We suggest using a single class, it will make refinement easier. 

In your implementation, feel free to update the training procedure, change model and do whatever feels right 

In [18]:
from datasets import load_dataset
import numpy as np
import torch
from transformers import (
    AutoTokenizer,
    AutoModelForSequenceClassification,
    TrainingArguments,
    Trainer,
    EarlyStoppingCallback,
    DataCollatorWithPadding,
    set_seed
)
from sklearn.metrics import accuracy_score, precision_recall_fscore_support


class GraphCodeBERTTrainer:
    def __init__(self, max_length=512, model_name="microsoft/graphcodebert-base"):
        self.max_length = max_length
        self.model_name = model_name
        self.tokenizer = None
        self.model = None
        self.num_labels = 2

        # --- Better reproducibility ---
        set_seed(42)
        torch.backends.cuda.matmul.allow_tf32 = True
        torch.backends.cudnn.benchmark = False

    def load_and_prepare_data(self):
        print("Loading BigCloneBench dataset...")

        train = load_dataset(
            "google/code_x_glue_cc_clone_detection_big_clone_bench", split="train[:10%]"
        )
        val = load_dataset(
            "google/code_x_glue_cc_clone_detection_big_clone_bench", split="validation[:10%]"
        )

        print(f"Train samples: {len(train)}")
        print(f"Val samples:   {len(val)}")

        return train, val

    def initialize_model_and_tokenizer(self):
        print(f"Initializing tokenizer + model: {self.model_name}")
        self.tokenizer = AutoTokenizer.from_pretrained(self.model_name)

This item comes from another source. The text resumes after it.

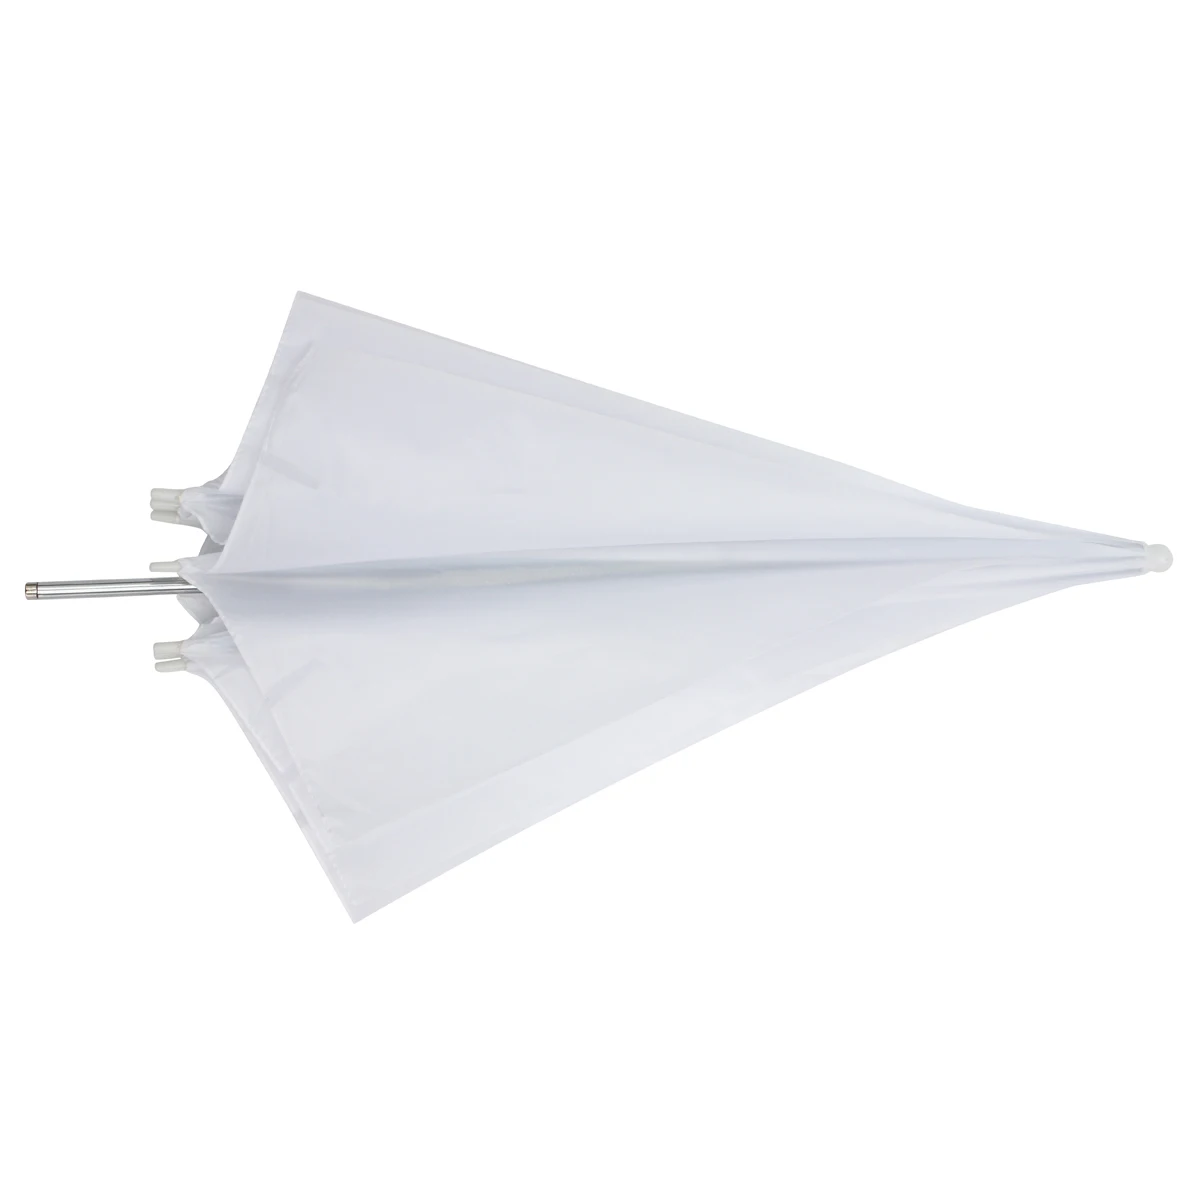 43 дюймов фотостудия видео фото светильник зонтик белый прозрачный рассеиватель вспышка мягкий Зонт аксессуары
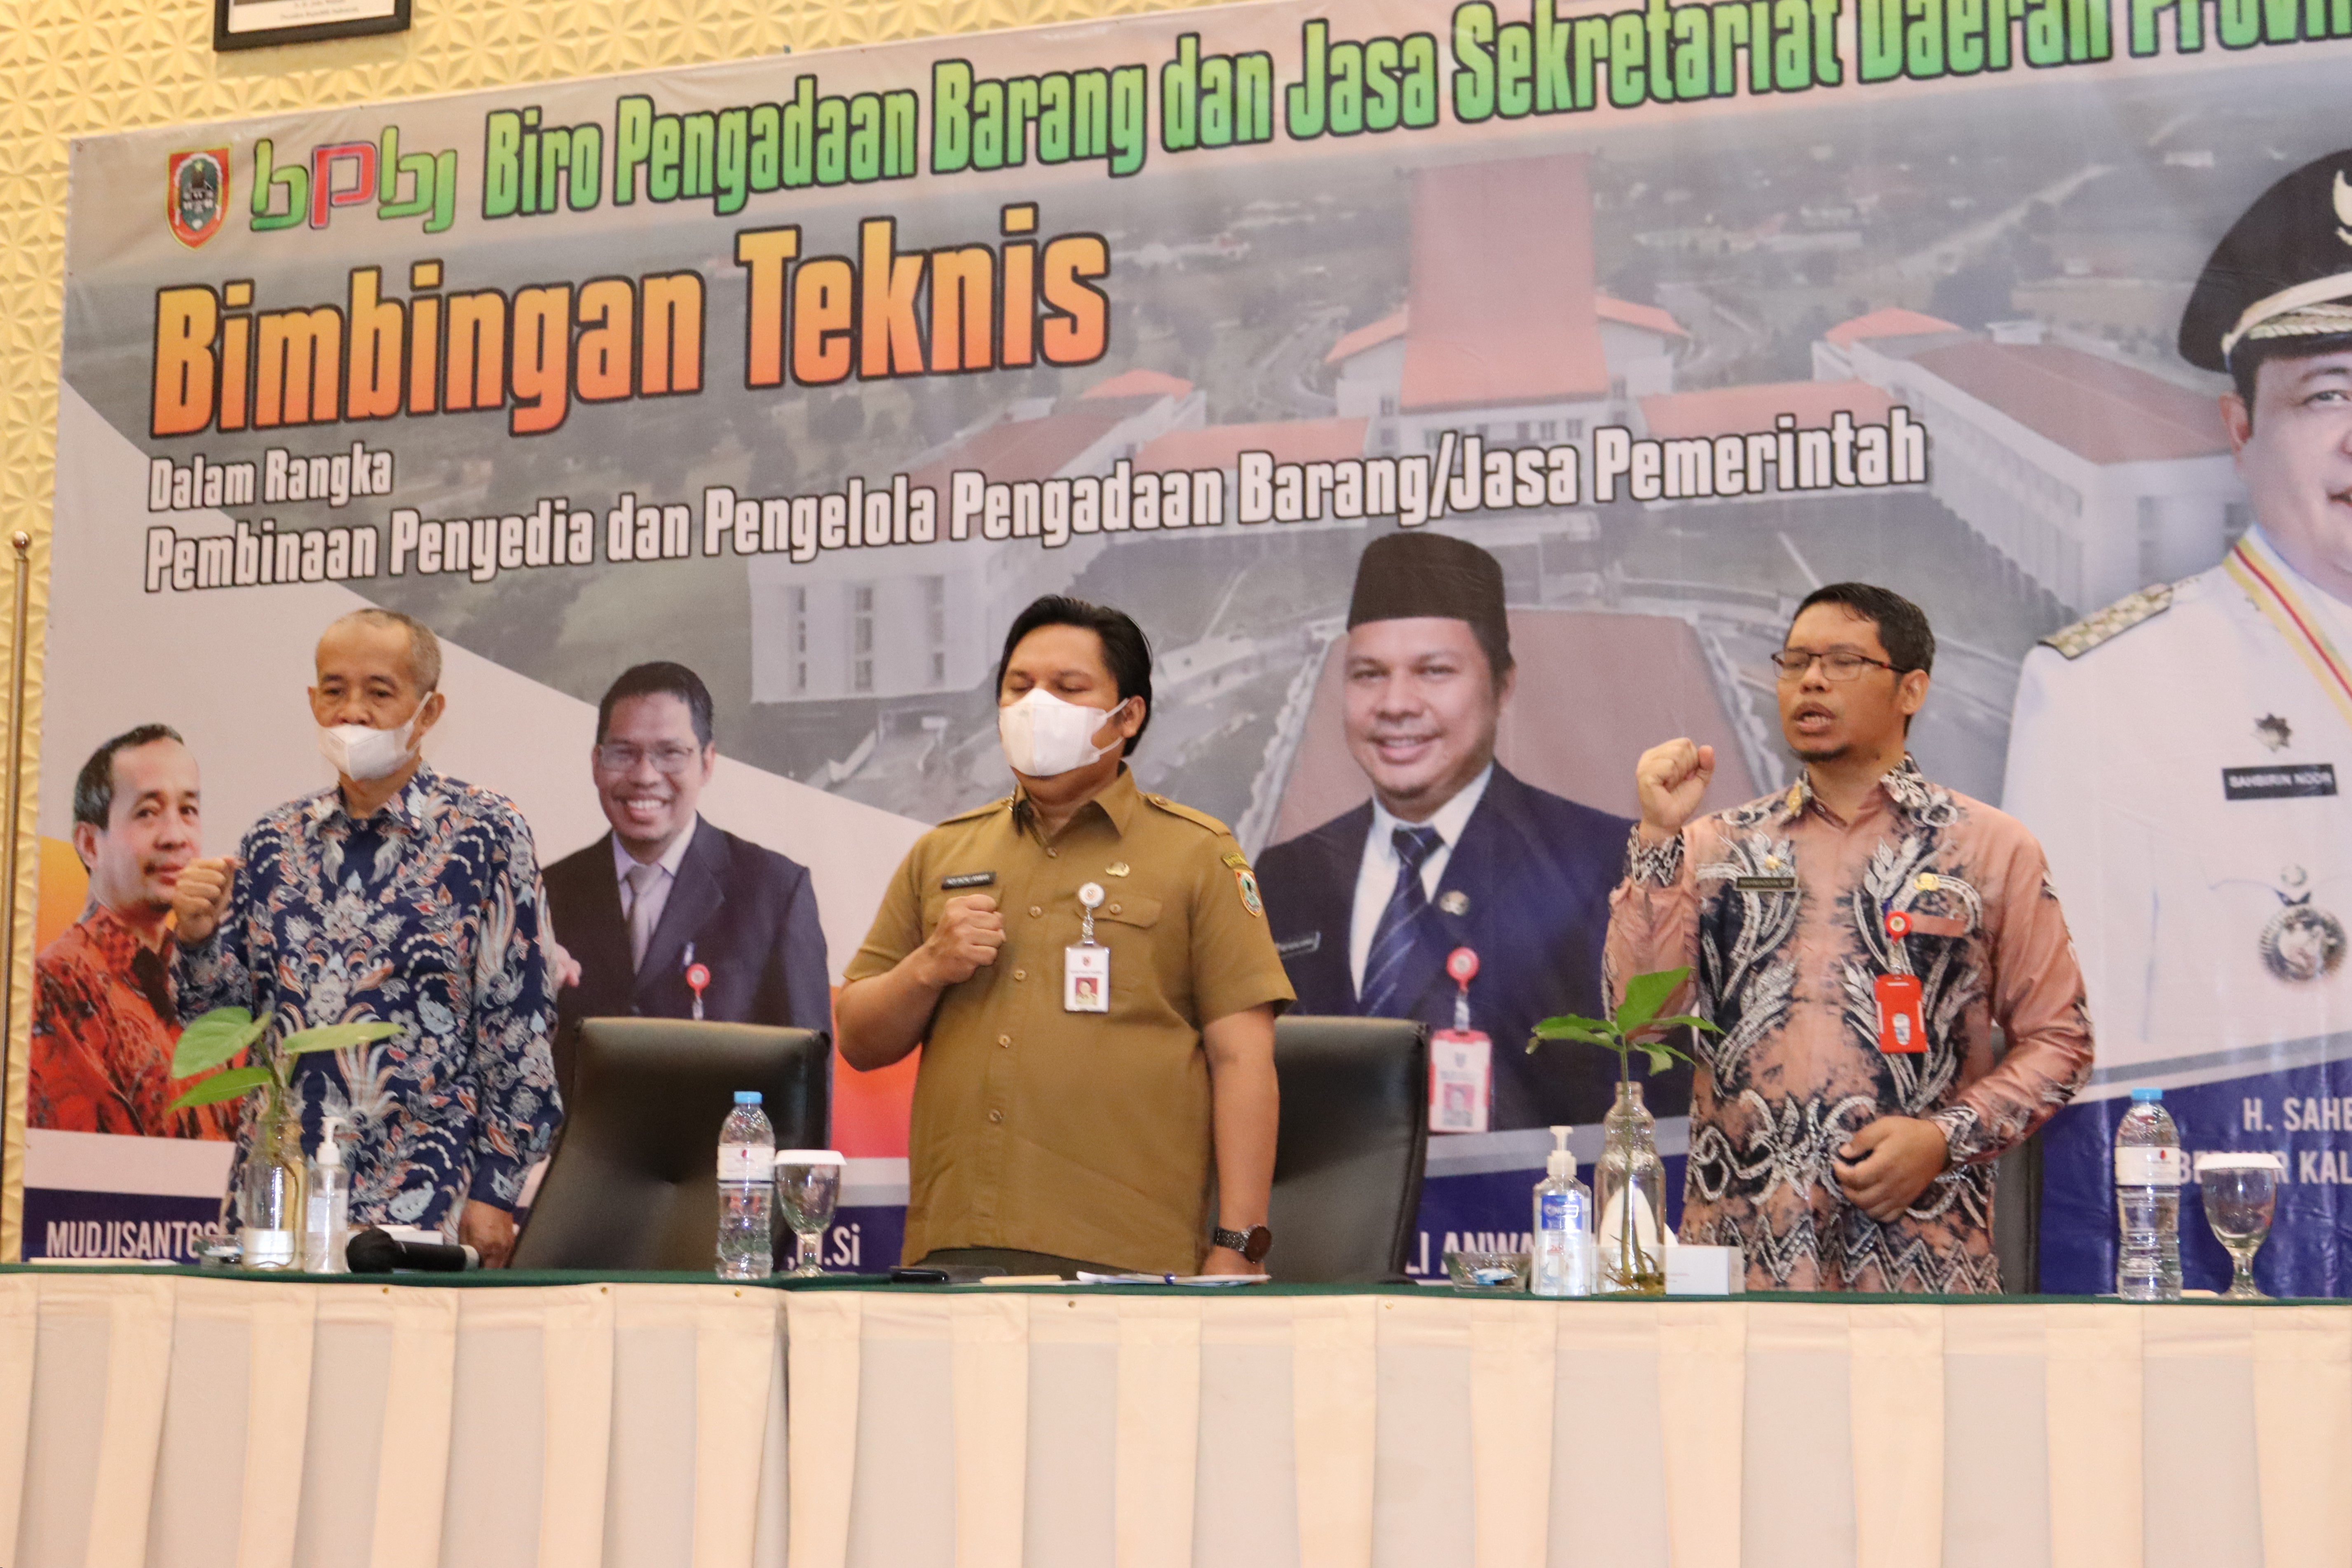 Pemerintah Provinsi Kalimantan Selatan melalui Biro Pengadaan Barang/Jasa Sekretariat Daerah melaksanakan Bimtek dalam rangka Pembinaan bagi Penyedia dan Pengelola Pengadaan Parang/Jasa Pemerintah

        self.model = AutoModelForSequenceClassification.from_pretrained(
            self.model_name,
            num_labels=self.num_labels,
        )

        # --- Add dropout to fight overfitting ---
        self.model.config.hidden_dropout_prob = 0.2
        self.model.config.attention_probs_dropout_prob = 0.2

        # Move model to device
        self.model.to("cuda" if torch.cuda.is_available() else "cpu")

    def tokenize_function(self, batch):
        return self.tokenizer(
            batch["func1"],
            batch["func2"],
            truncation=True,
            padding=False,
            max_length=self.max_length,
        )

    def prepare_datasets(self, train_ds, val_ds):
        print("Label normalization + tokenization...")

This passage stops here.